▶ _Your objective_
Starting with the line that holds "フロントリア車の泥フラップのためのレクサス RX330 RX350", reproduce each line through the last one of the data, exactly as written. Pictures are not copied.

▶ _Data excerpt_
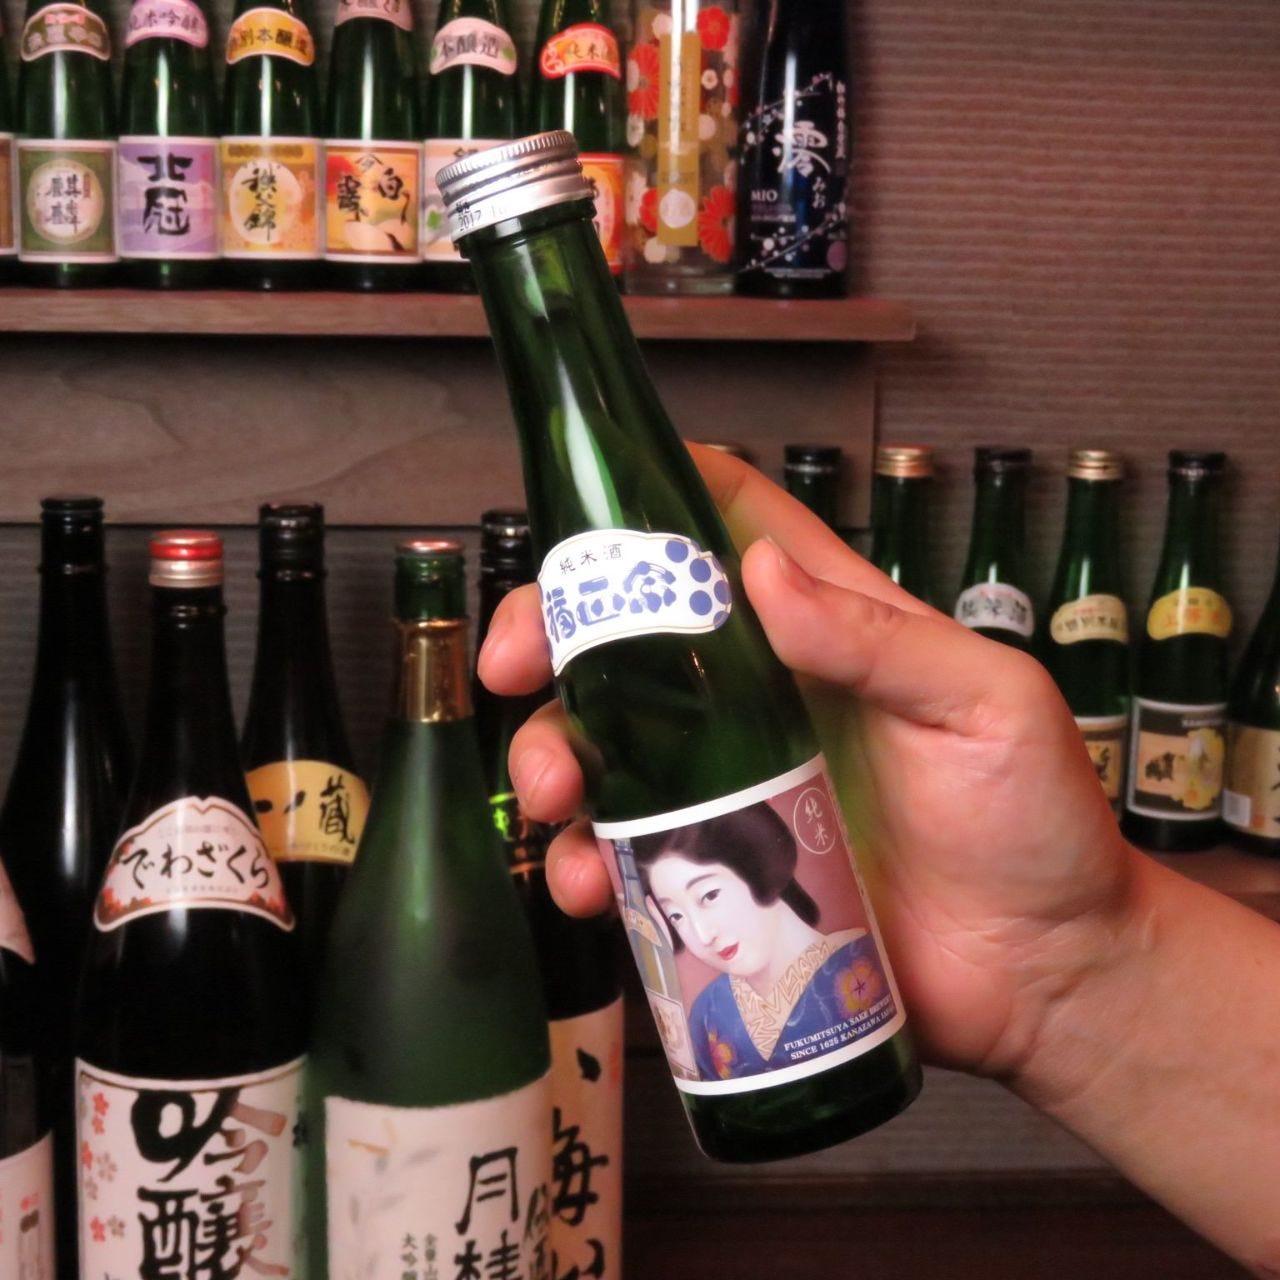 飲みきりサイズの日本酒をお手軽に
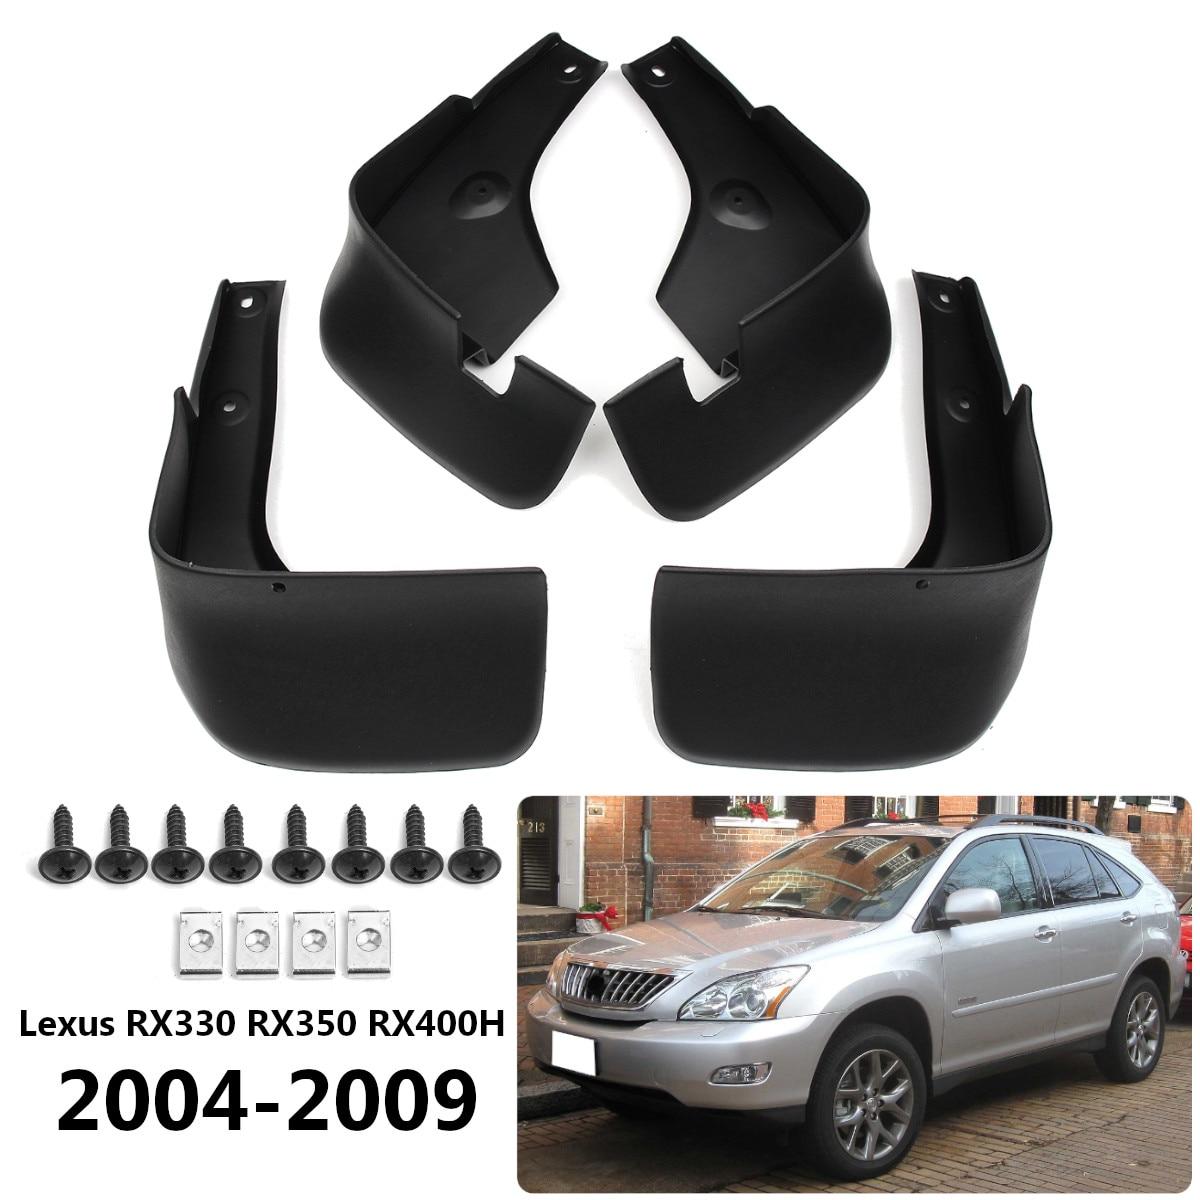 フロントリア車の泥フラップのためのレクサス RX330 RX350 RX400H 2004-2009 Mudflaps マッドガードフェンダーアクセサリー
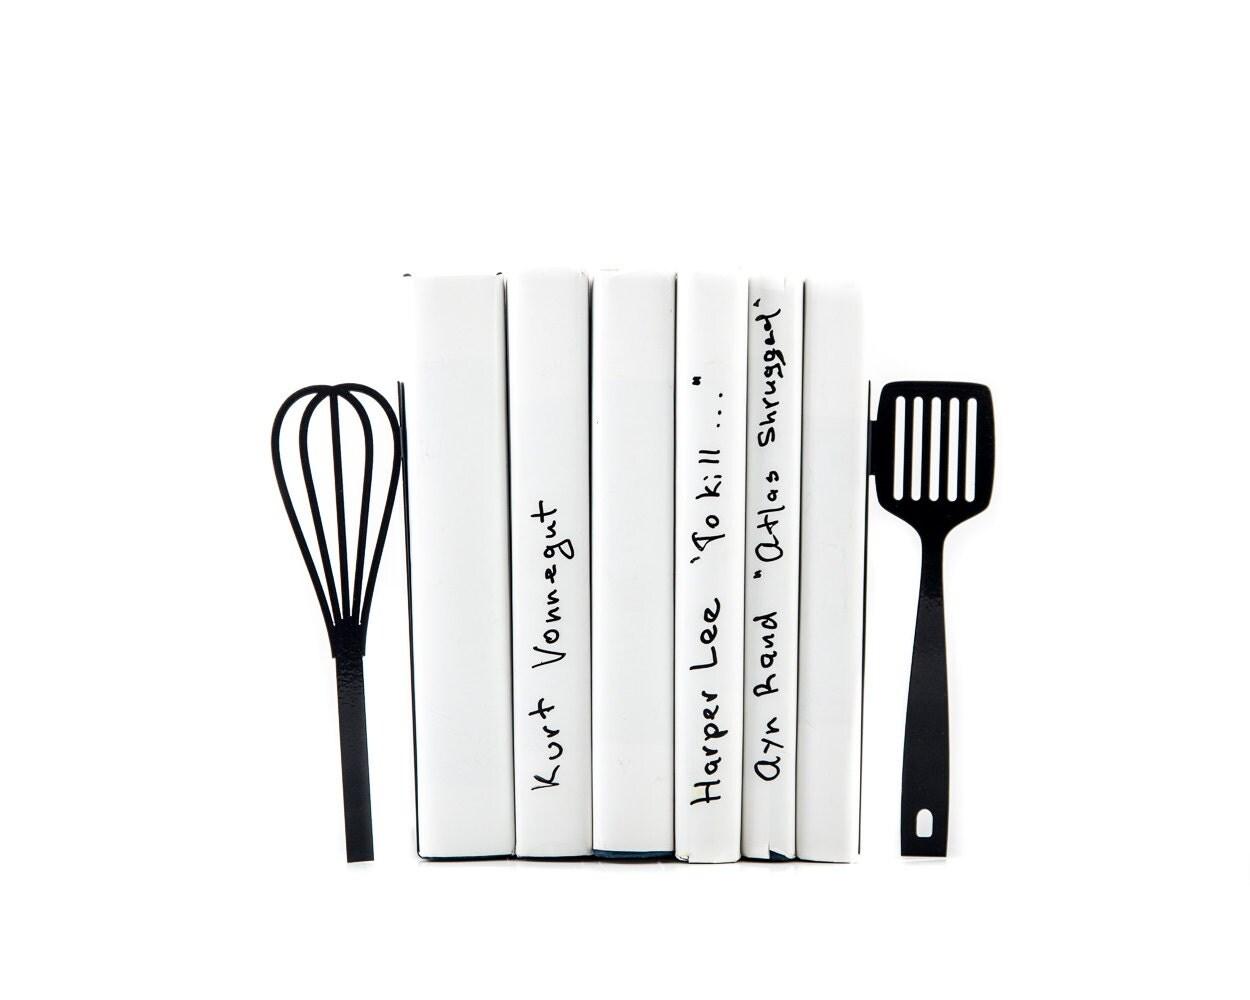 serre livres spatule et fouet livraison gratuite. Black Bedroom Furniture Sets. Home Design Ideas
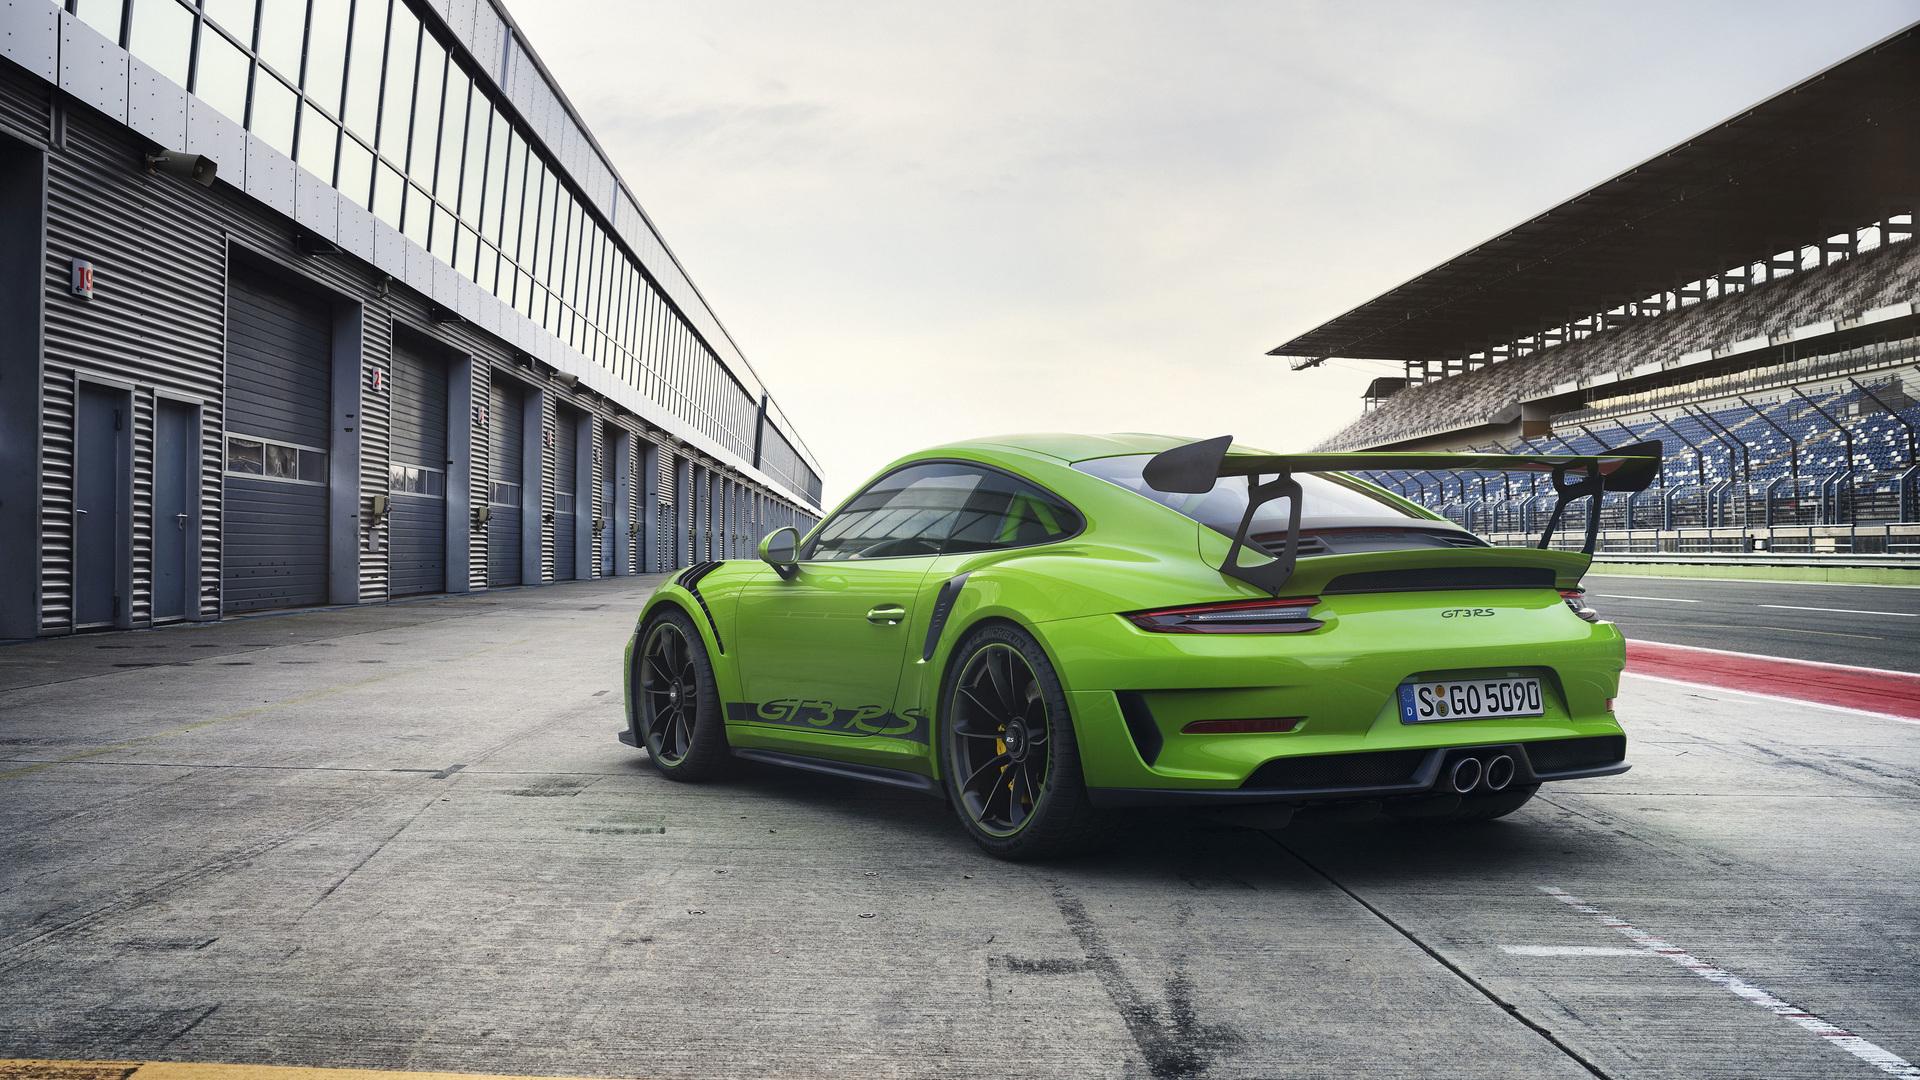 Porsche Gt3 Rs Blue 1920 X 1080: 1920x1080 Porsche 911 GT3 RS 2018 Rear Laptop Full HD

▶ _Task response_
 フロントリア車の泥フラップのためのレクサス RX330 RX350 RX400H 2004-2009 Mudflaps マッドガードフェンダーアクセサリー
 serre livres spatule et fouet livraison gratuite. Black Bedroom Furniture Sets. Home Design Ideas
 Porsche Gt3 Rs Blue 1920 X 1080: 1920x1080 Porsche 911 GT3 RS 2018 Rear Laptop Full HD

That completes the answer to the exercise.